18.05.2014

Özgürlüğün hemşehrin çıkması

Sonsuzluk dünyanın en rahatlatıcı şeyi olmalı. Kozmos karşısındaki küçüklüğümüz, hiçliğimiz, eksikliğimiz... Neyi bekliyoruz, elimizde taşıdığımız çay bardağının düşmesini ve büyük ihtimalle kırılmasını... Ama yine de çay içmeye devam ediyoruz, kimimiz tavşan kanı ve demli yudumluyor; kimimiz korkak, sulandırılmış, üflenip soğutulmuş paşa çayları içiyor. Herkes ne isterse onu! Bundan daha büyük adalet olabilir mi?

Özgürlük tam bulunduğun o yerde halbuki, hep seninle; şikayet etme hakkın yok, hayalini kurduğun şey başka zaman ya da coğrafyalarda namevcut.
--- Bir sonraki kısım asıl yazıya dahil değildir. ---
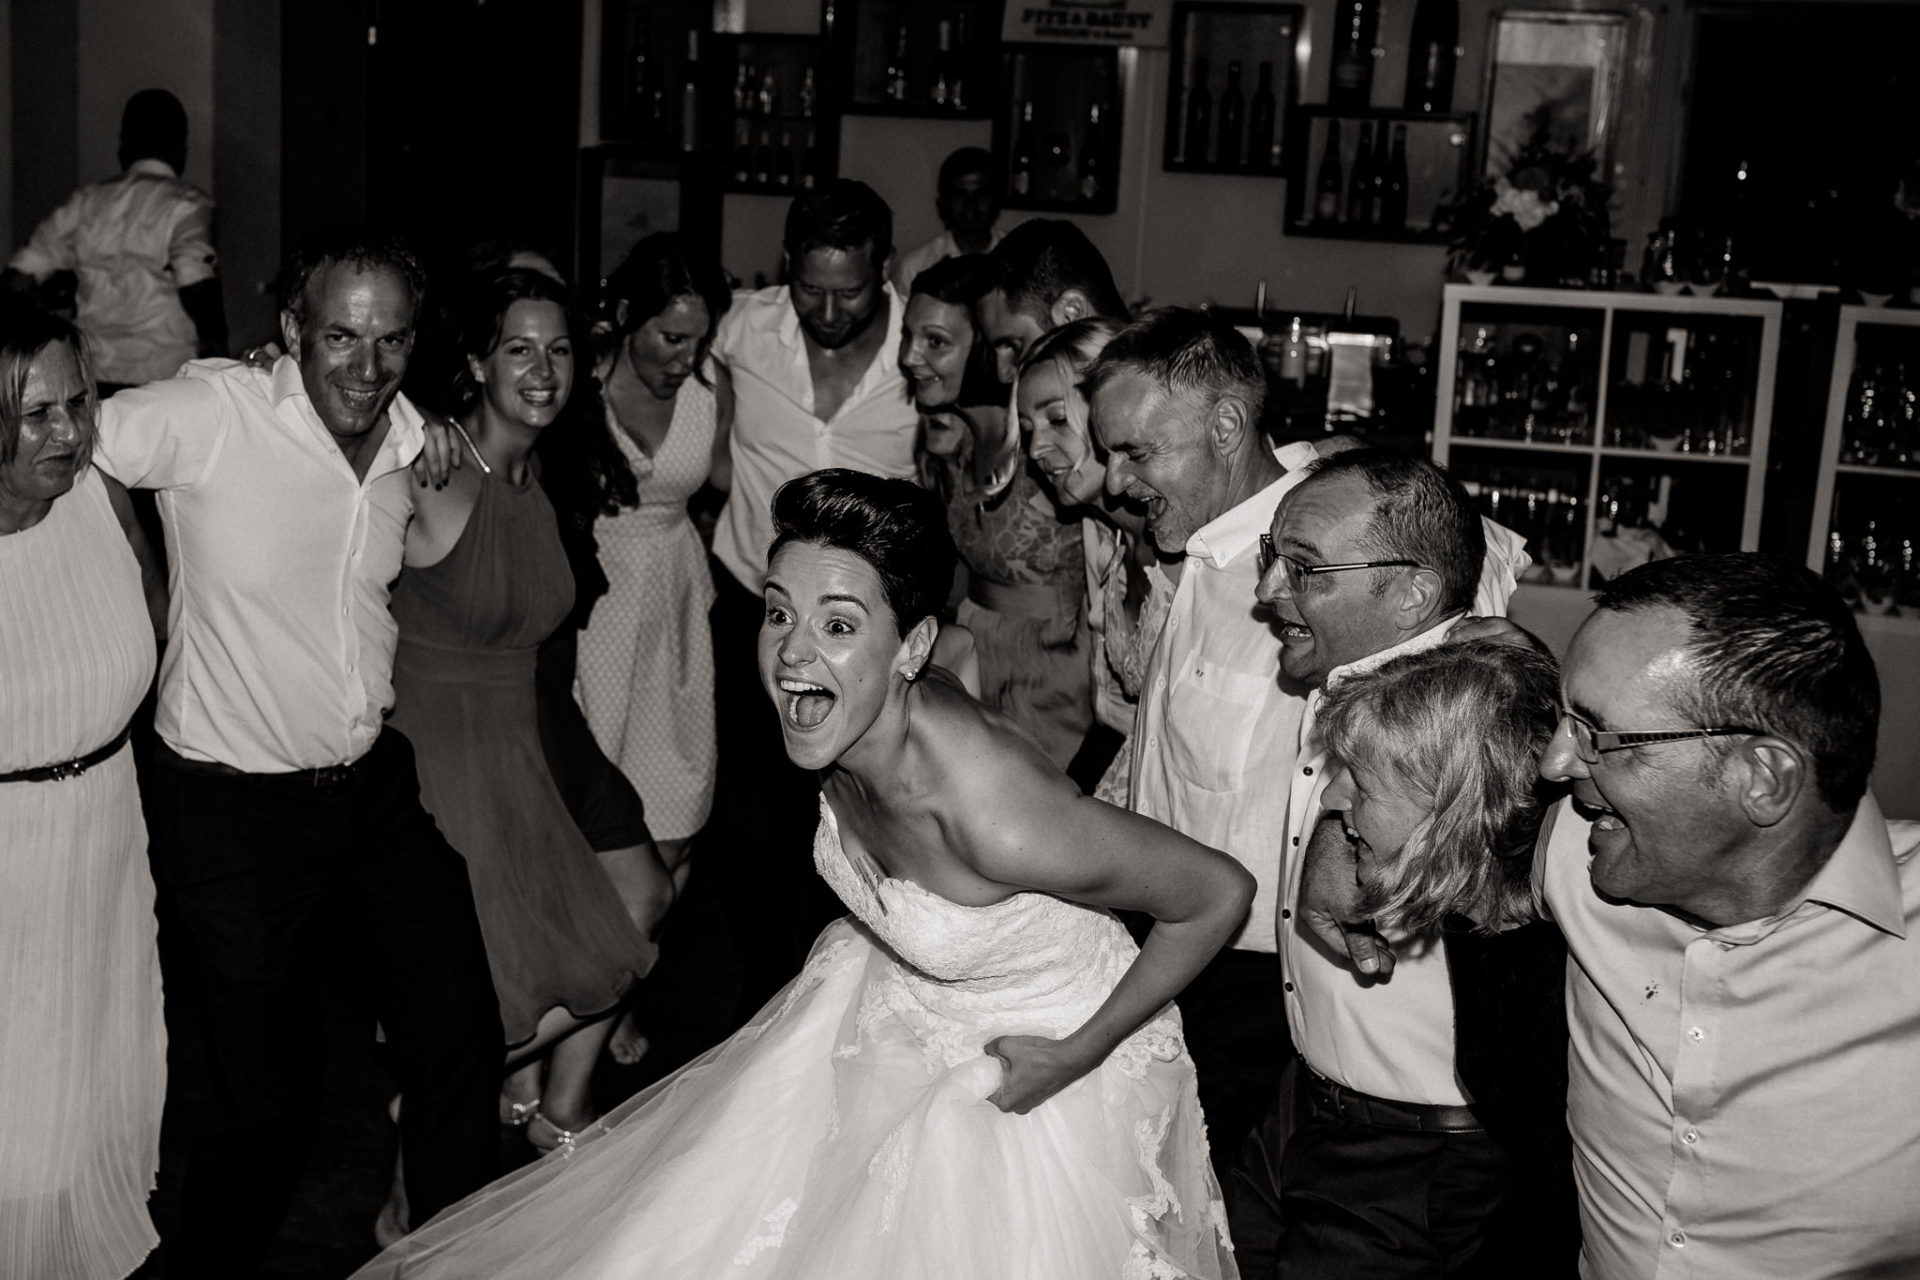 vineyard wedding germany-weingut fitz ritter wedding photographer pfalz party bride dancing

Zaman sana sunulmuş tepside kırılgan bir armağan, içilsin diye bekliyor...

Memleketten, insandan, dünyadan kusurlar bulup, türlü bahanelerle şikayetlenmek kolay iş. Kahramanlar bulmak, onlar üzerinde ideal dünyalar inşa etmek, sonra hemen şimdi ve burada olana lanet etmek de kolay.


En başından lanet, berbat bir yer burası halbuki. Ama sen bu lanete meydan okuyamıyorsan, her kılıç darbesine karşılık yumruk sallayamıyorsan... Ki bu yumruk çok zaman kendi göğsüne daldırdığın sessizliktir, ha. İçi meyhanelerden, barlardan, klablardan, kiliselerden, camilerden çok daha “yaşam dolu”, kalabalıklardan uzak bir kulübedir... Öyle ki her çıktığında kulübenden, o başkalarına değil ama bir ıslık çalıp da  – çok zaman bir güvercin tedirginliğinde  de olsa – tüm evrene karışmayı arzularsın; ey sonsuzluk dersin, ey fanilik ve kırılganlık, işte ben geldim, naber lan?... Sonra üç gram aklın varsa, Gılgameş’in budalalığına katıla katıla gülersin. Akıl filan da kalmaz böylece.